The bulk of Imaginary Forces’ film work is of the Hollywood variety; they’ve done teasers and opening credits for films like Minority Report, Terminator Salvation, and the Transformers series. But elements of architecture have found their way into much of the firm’s work, especially in the realm of experience design. One project for New York City’s Museum of Modern Art was New City, an architecturally based immersive media environment that envisioned a “living virtual world parallel and simultaneous to ours.” Frankfurt said this type of work helps to emphasize the connection between entertainment and architecture.

These sorts of thematic and impressionistic displays are much more than marketing presentations. Some architects are actually using animation as part of their design methods. “It becomes part of the creative thought process,” said Kulapat Yantrasast, a principal at wHY Architecture in Culver City. “By doing the video, you learn how to communicate the idea more clearly, which sometimes refines the idea itself.”

For one residential project in the Hollywood Hills, wHY took inspiration from the neighborhood’s history in the film industry to create a sort of film-noir animation of the house’s design. Taking cues from Alfred Hitchcock and the early days of mystery movies, wHY’s film shows the house from the perspective of a private detective investigating a crime. The “investigation” takes the detective and the viewer up the drive to the home and through each of its rooms. The crime isn’t exactly solved, but the narrative style turns what could have been a drab flythrough into an engaging exploration.
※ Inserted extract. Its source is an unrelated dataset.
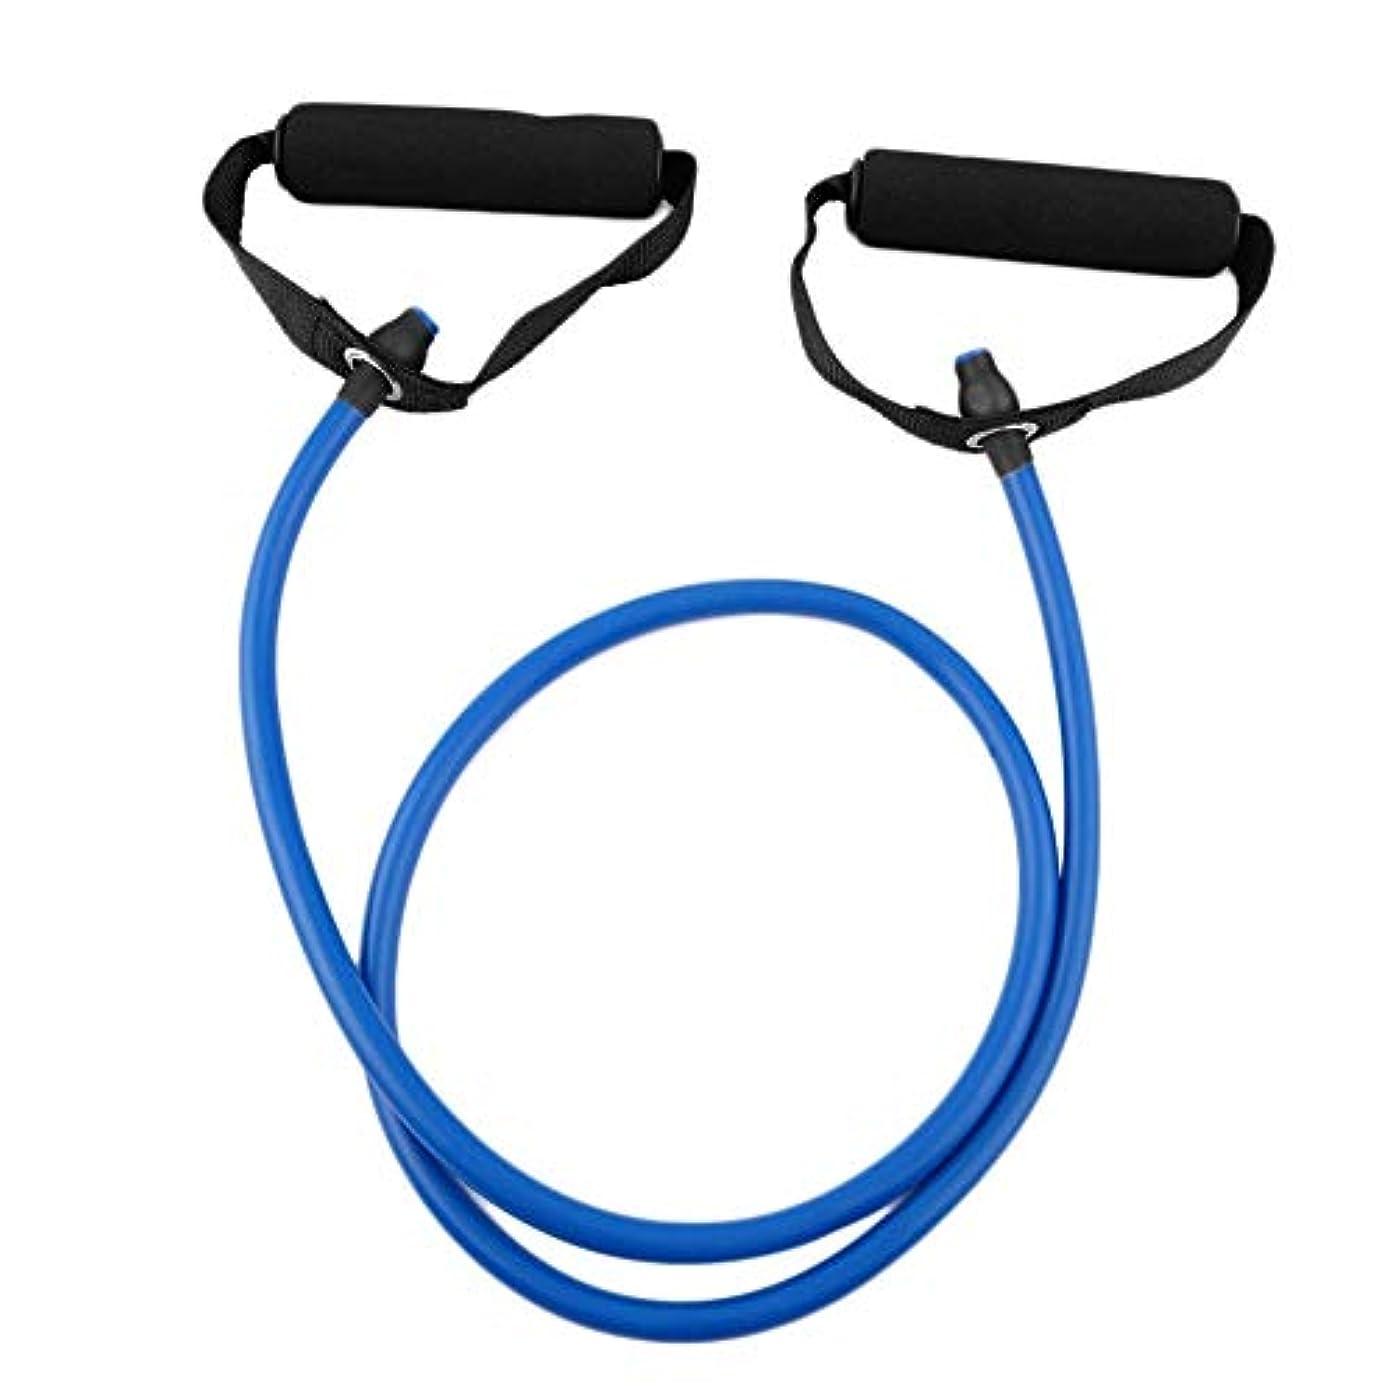 位置づける雄弁マナーフィットネス抵抗バンドロープチューブ弾性運動用ヨガピラティスワークアウトホームスポーツプルロープジムエクササイズツール(Color:blue)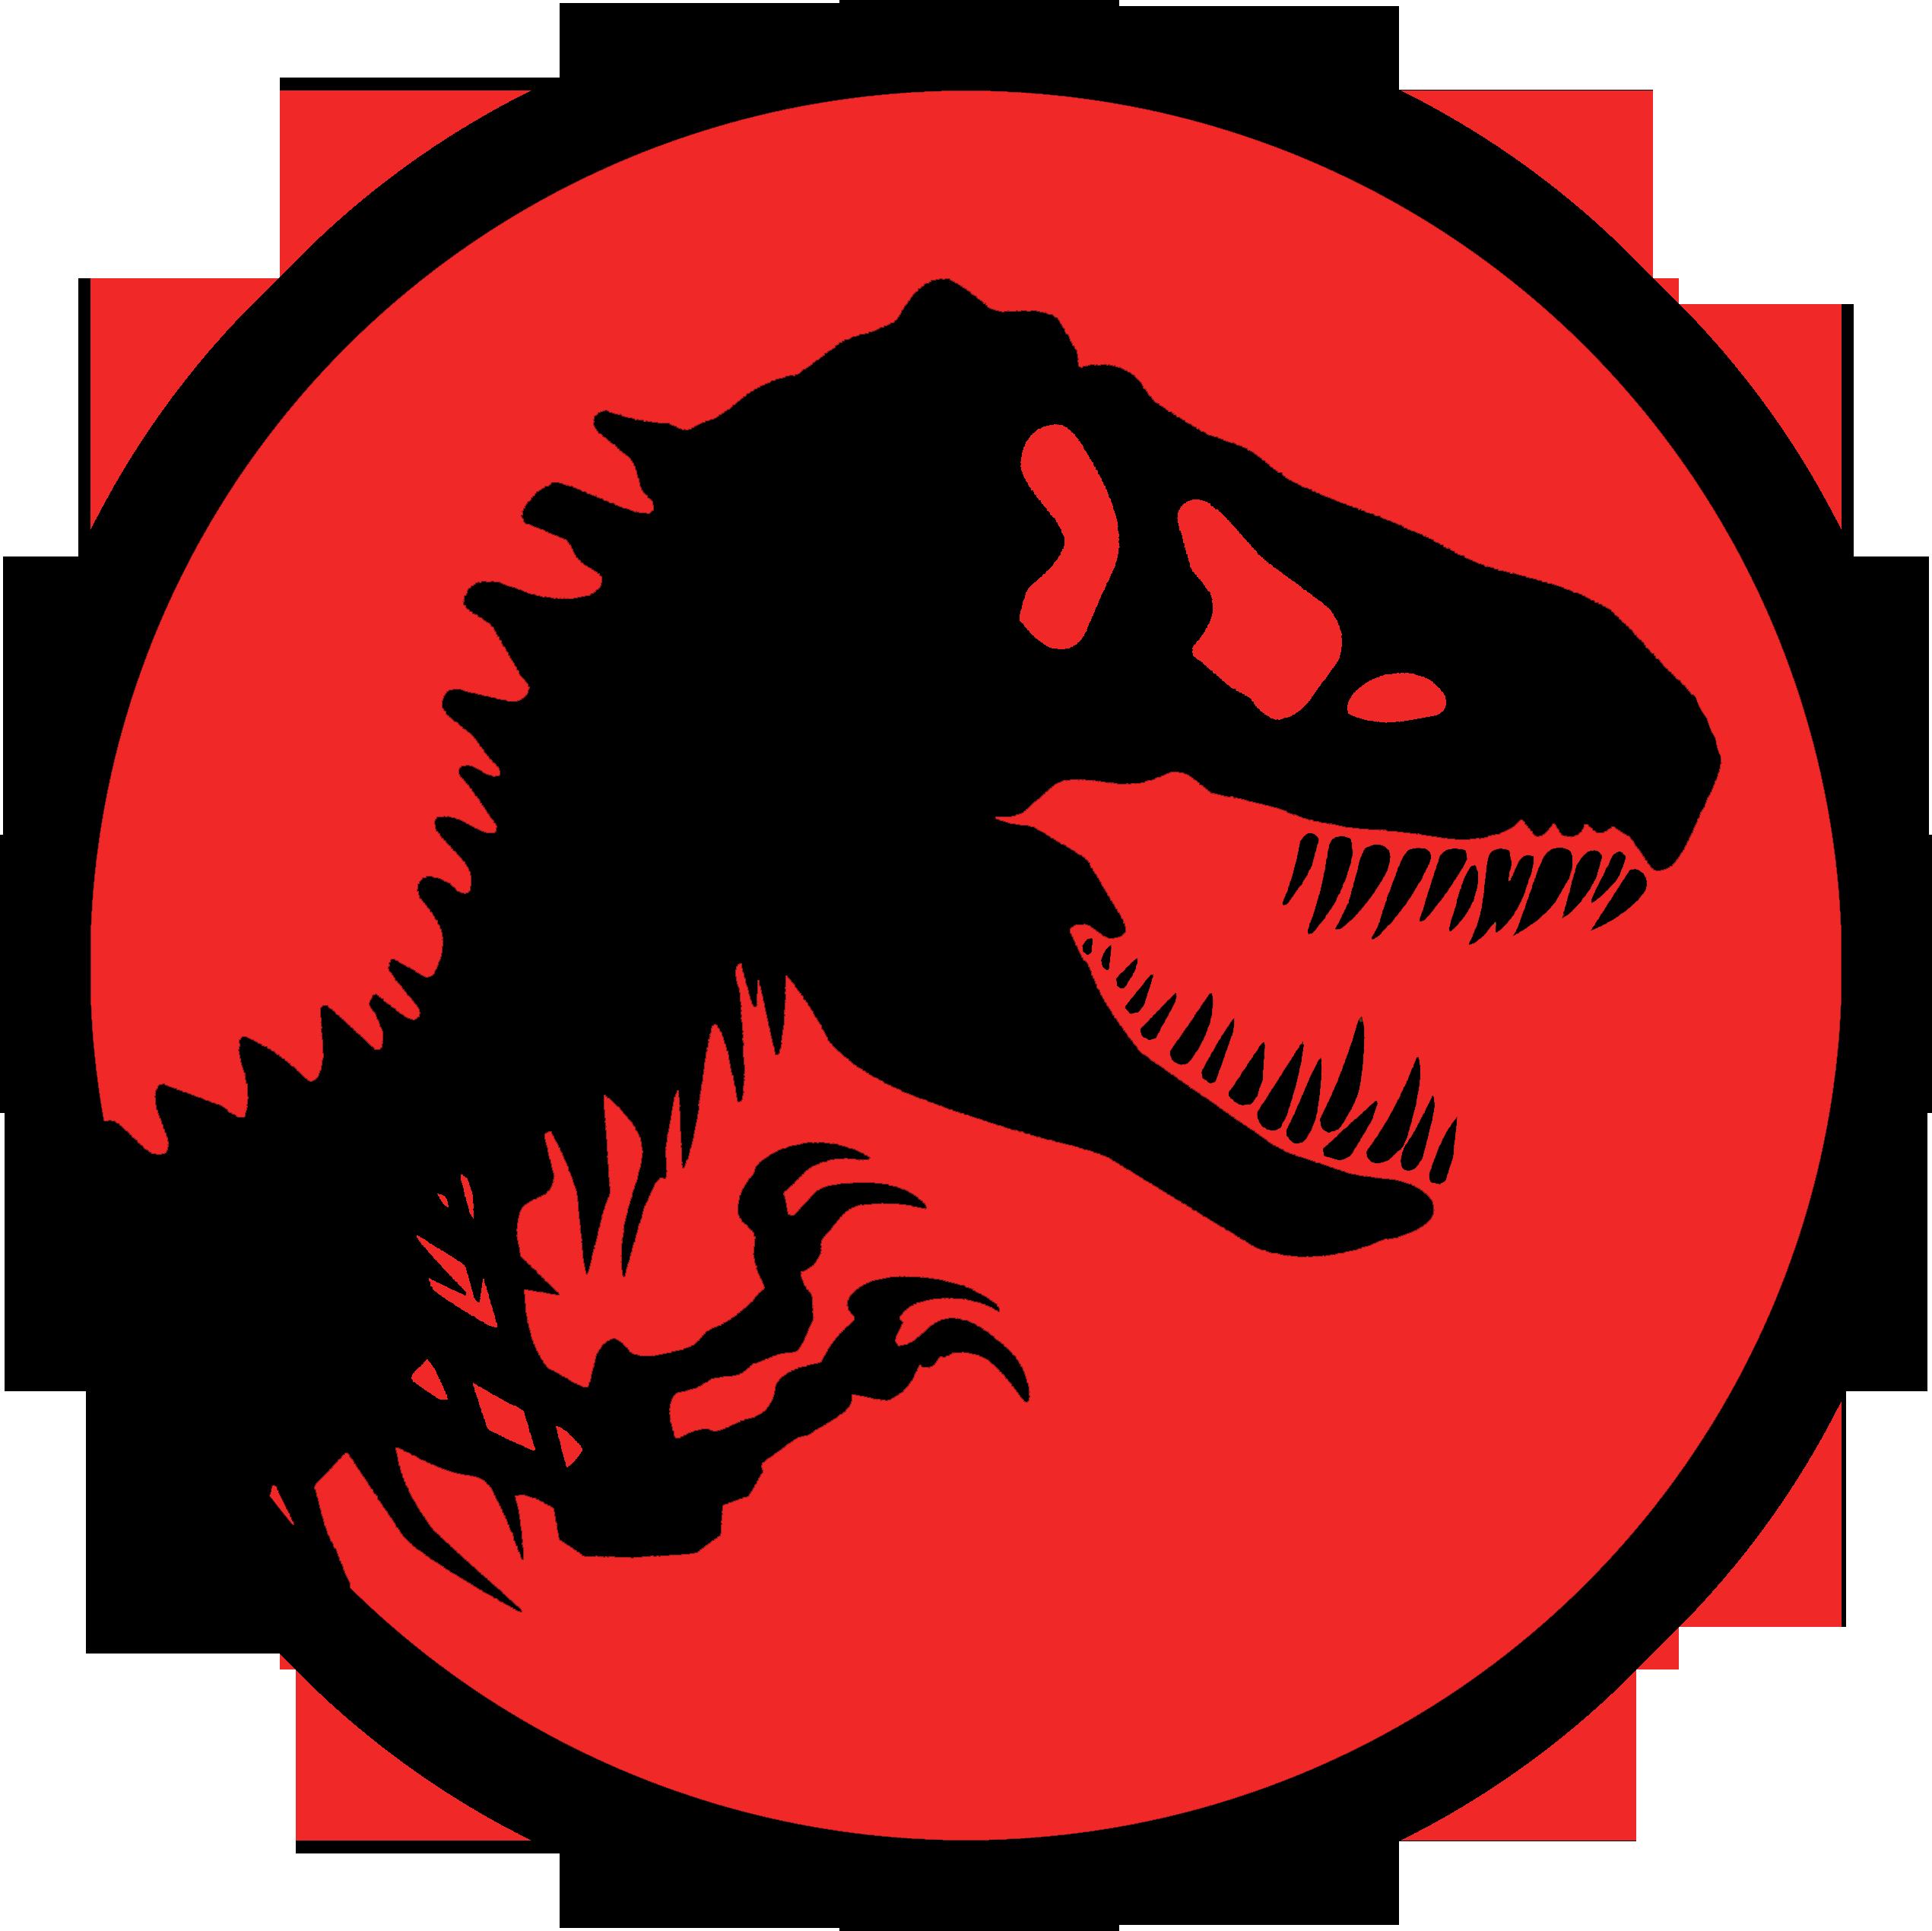 png transparent download Jurassic Park

Frankfurt said the growing use of animation throughout the design and marketing process is a cross-pollination between architects and filmmakers that’s likely to continue. “I think it’s just architects’ comfort level and fluency increasing,” he said. “They’re using the process of making the film as a kind of design charrette for elements of the project itself, and I think that’s where there’s real interesting push and value.”